Run the main.py script – python src/main.py in the terminal (or use the launch.json file from source code for debugging).
As in the previous step, you will receive a link to the report in the logs or find the evaluation results in the Team Files.
Great job! 🎉 You have successfully implemented a custom benchmark evaluation on the deployed model in Supervisely!
Using the BaseBenchmark class, you still have the flexibility to run evaluations on two projects. And you can do it even easier – just pass project IDs instead of paths and use the bench.evaluation(pred_project_id) method. The BaseBenchmark class will take care of the rest.

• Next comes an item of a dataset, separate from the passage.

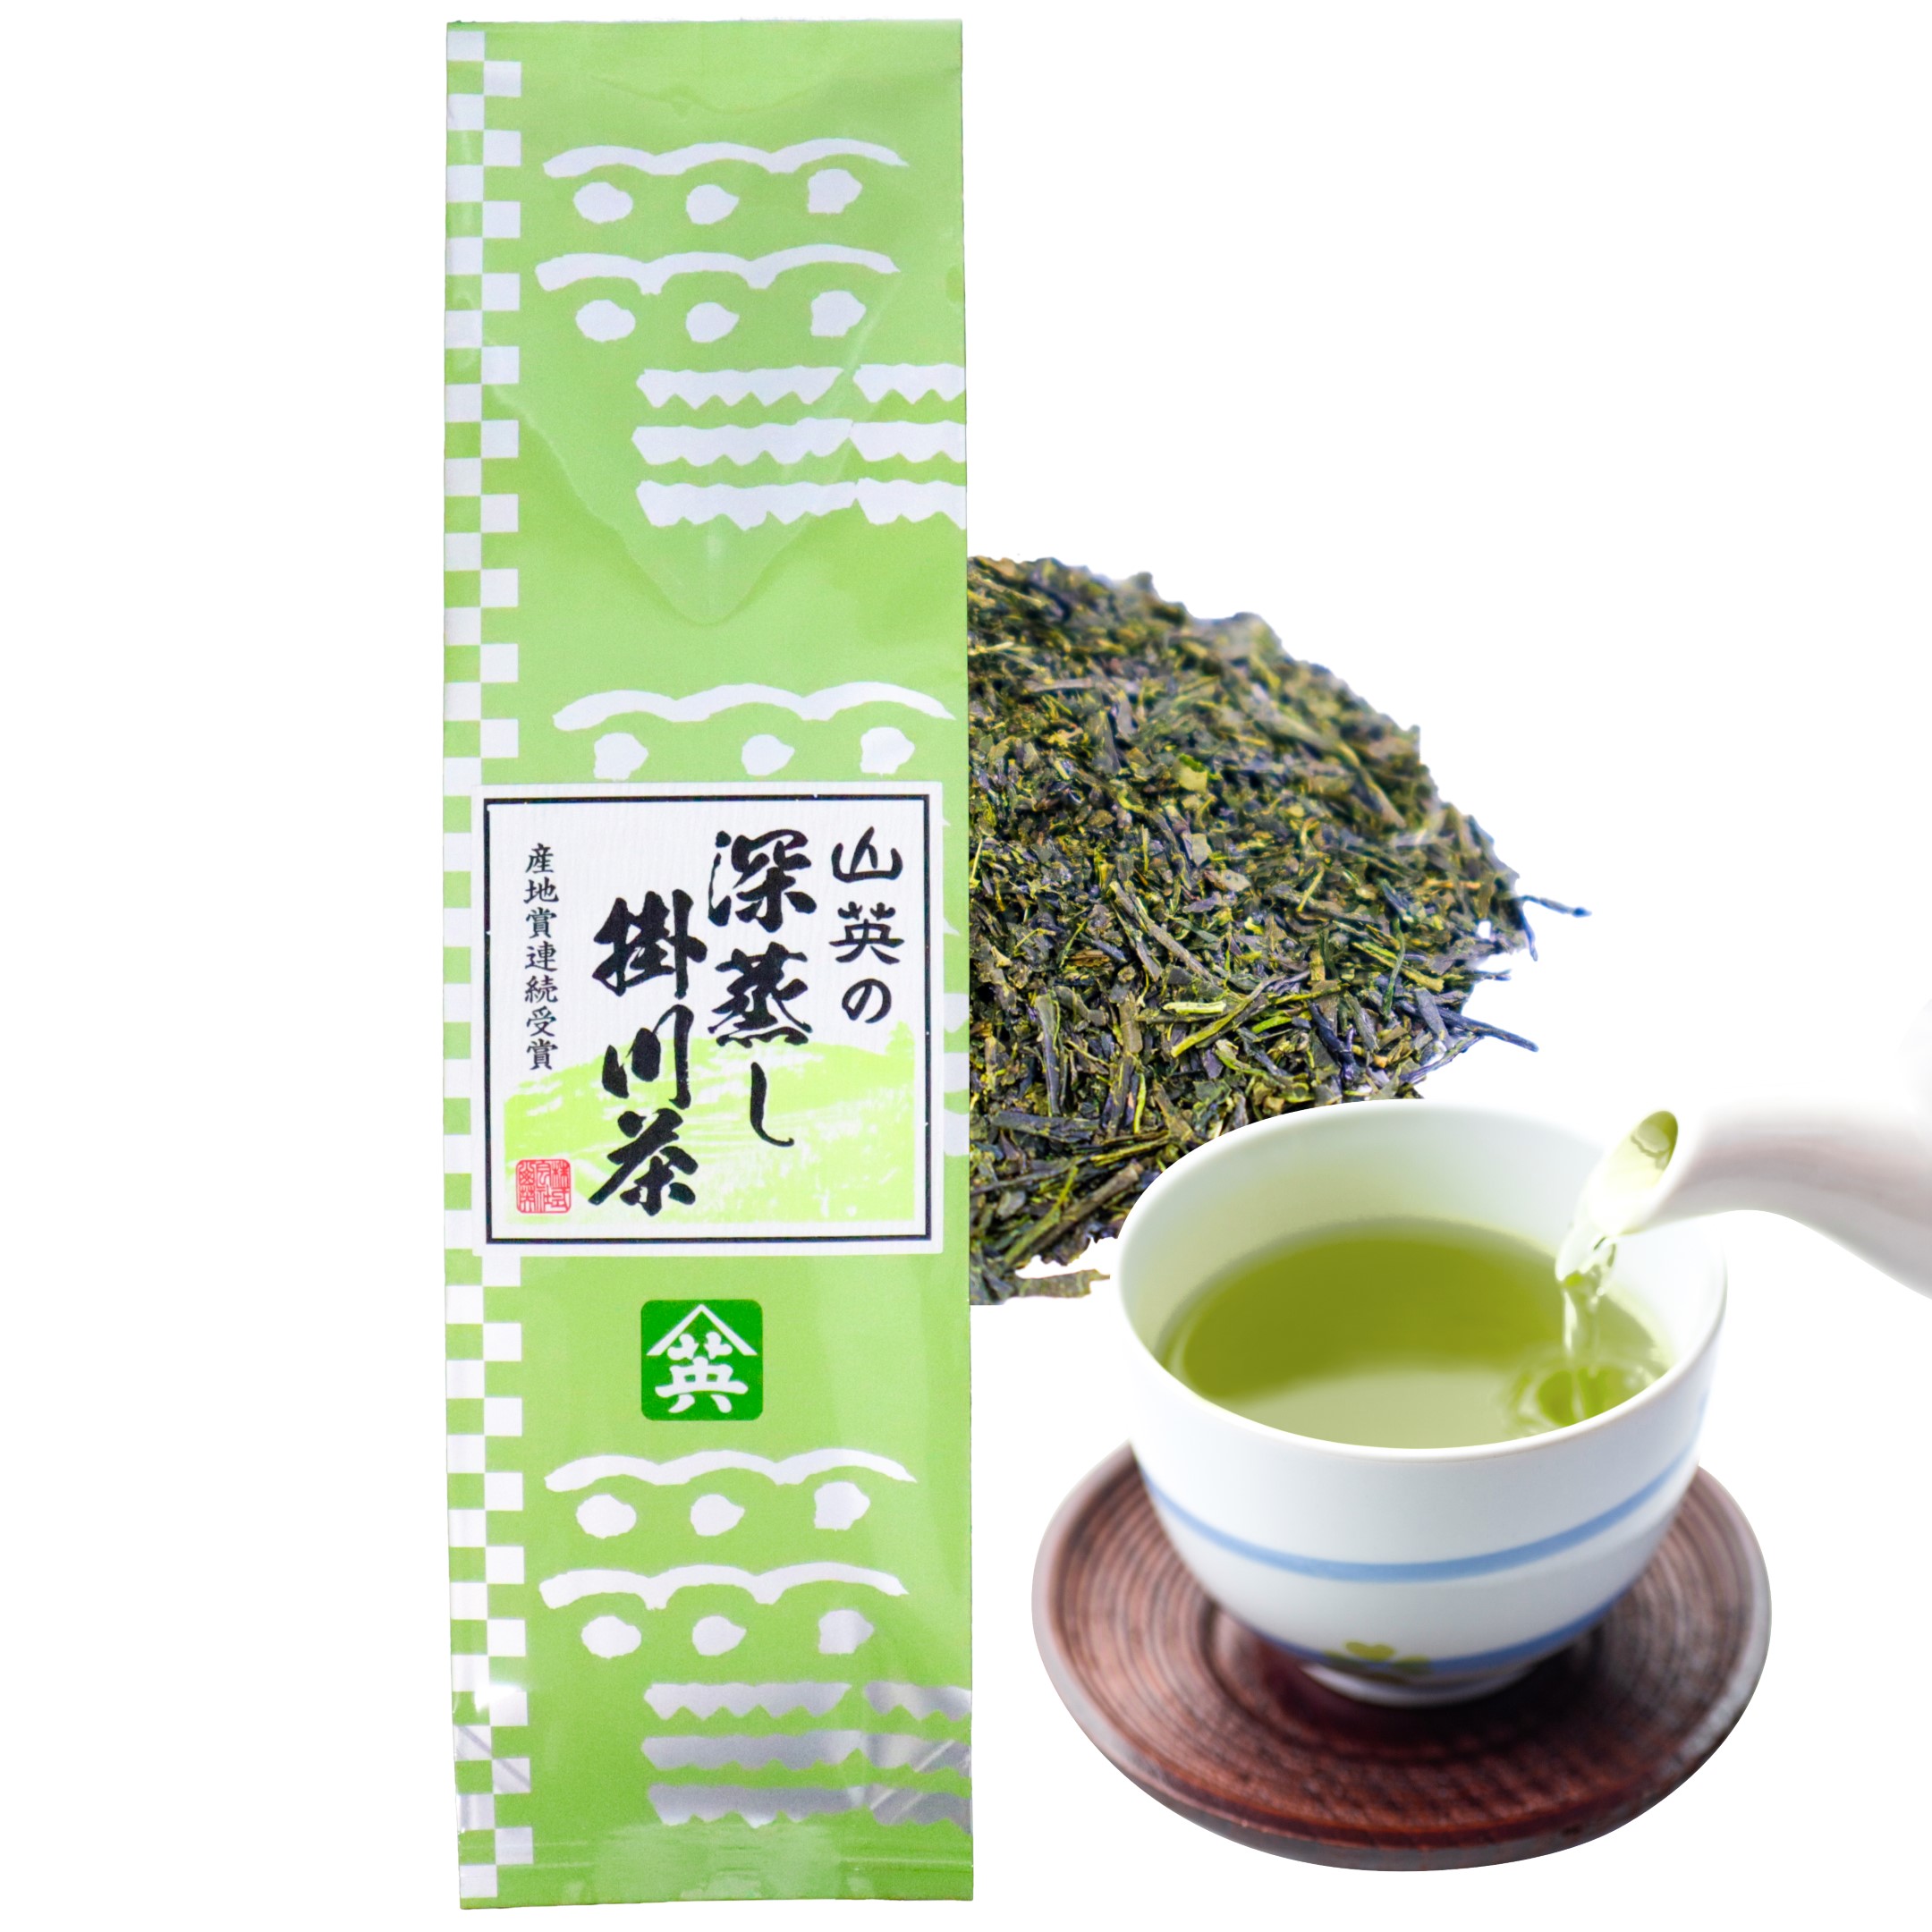 緑茶 茶葉 300g 静岡 掛川 深蒸し茶 大容量 お茶 茶 水出し緑茶 お茶葉 
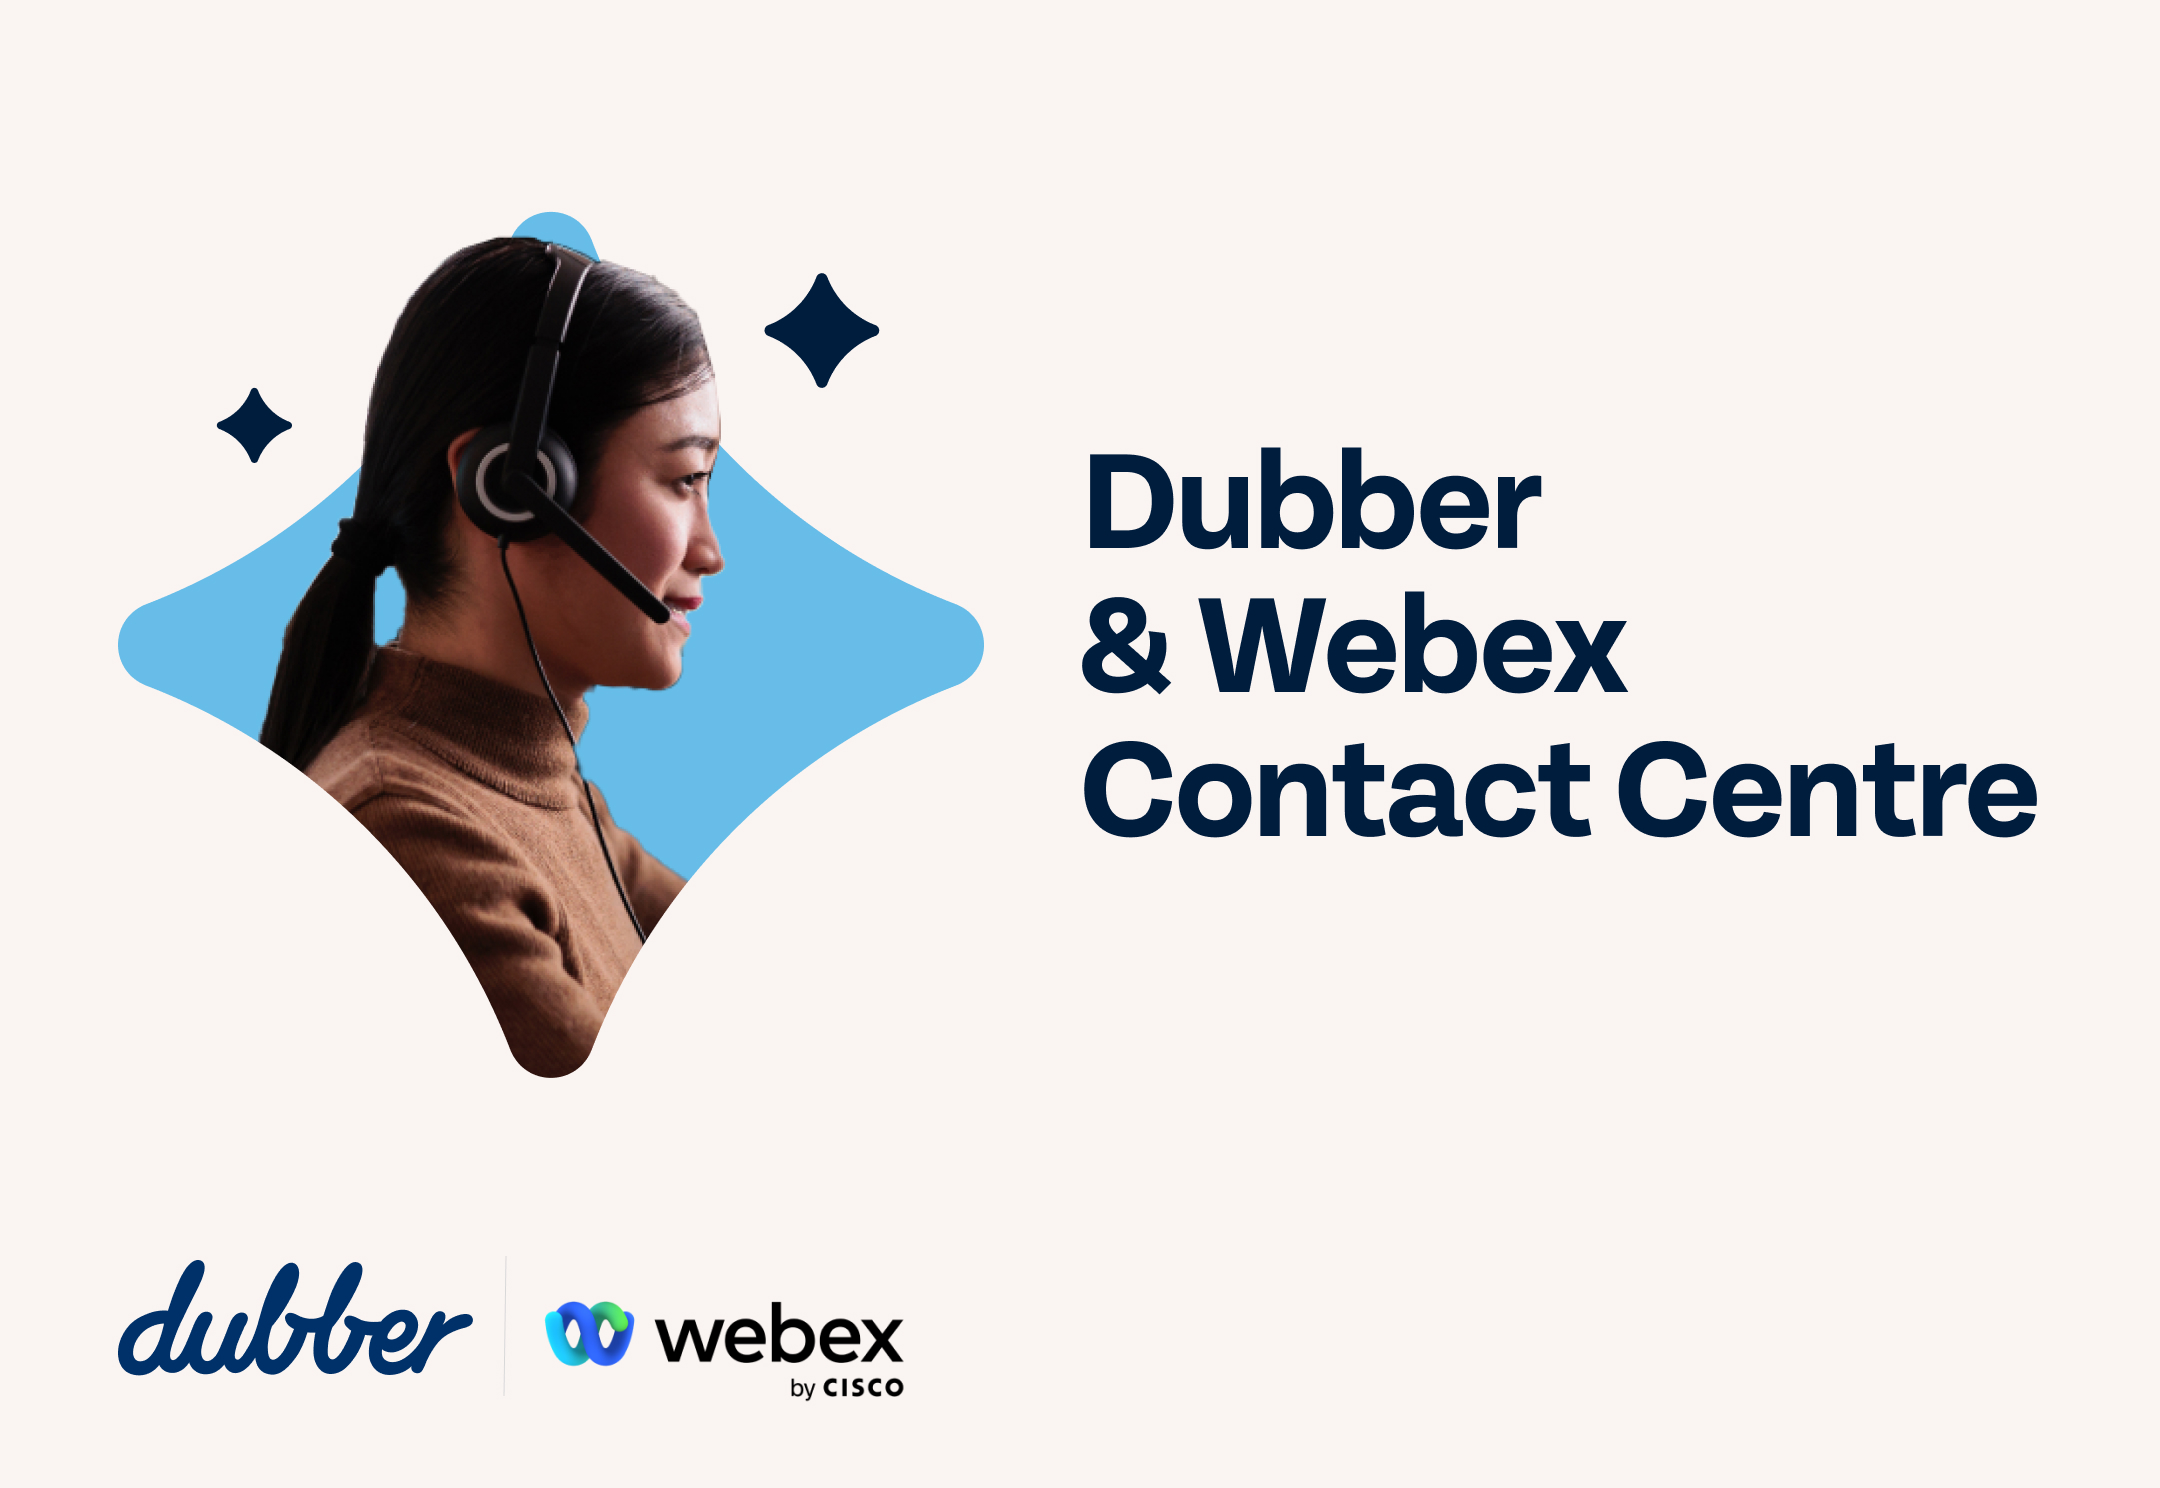 Dubber & Webex Contact Centre

Let's move on to the next level and integrate the custom benchmark with the GUI interface 🎨.
Plug-in the Custom Benchmark to the GUI
In this step, we will create a sly.Application (high-level class in the Supervisely SDK that allows you to create a FastAPI application with GUI interface) that will run the custom benchmark evaluation. The application will allow you to select the GT project, the deployed model session, and the evaluation parameters and run the evaluation with a few clicks in the web interface.
You can take a look at the Evaluator for Model Benchmark app in the Ecosystem to see how we implemented the GUI interface for the evaluation process.
Open the browser and go to http://localhost:8000 to see the GUI interface.Select the GT project, the deployed model session, and press the Evaluate button to run the evaluation. The app will connect to the deployed NN model, run the inference, upload predictions to a new project, evaluate the model, and generate the report.
After the process is complete, you will see a widget with the evaluation report (click on the link to open the report in the web interface).
Check out our Developer Portal to learn more on how to release your app as a private app in Supervisely – here.
Congratulations! 🎉 You have successfully integrated the custom benchmark with the GUI interface in Supervisely!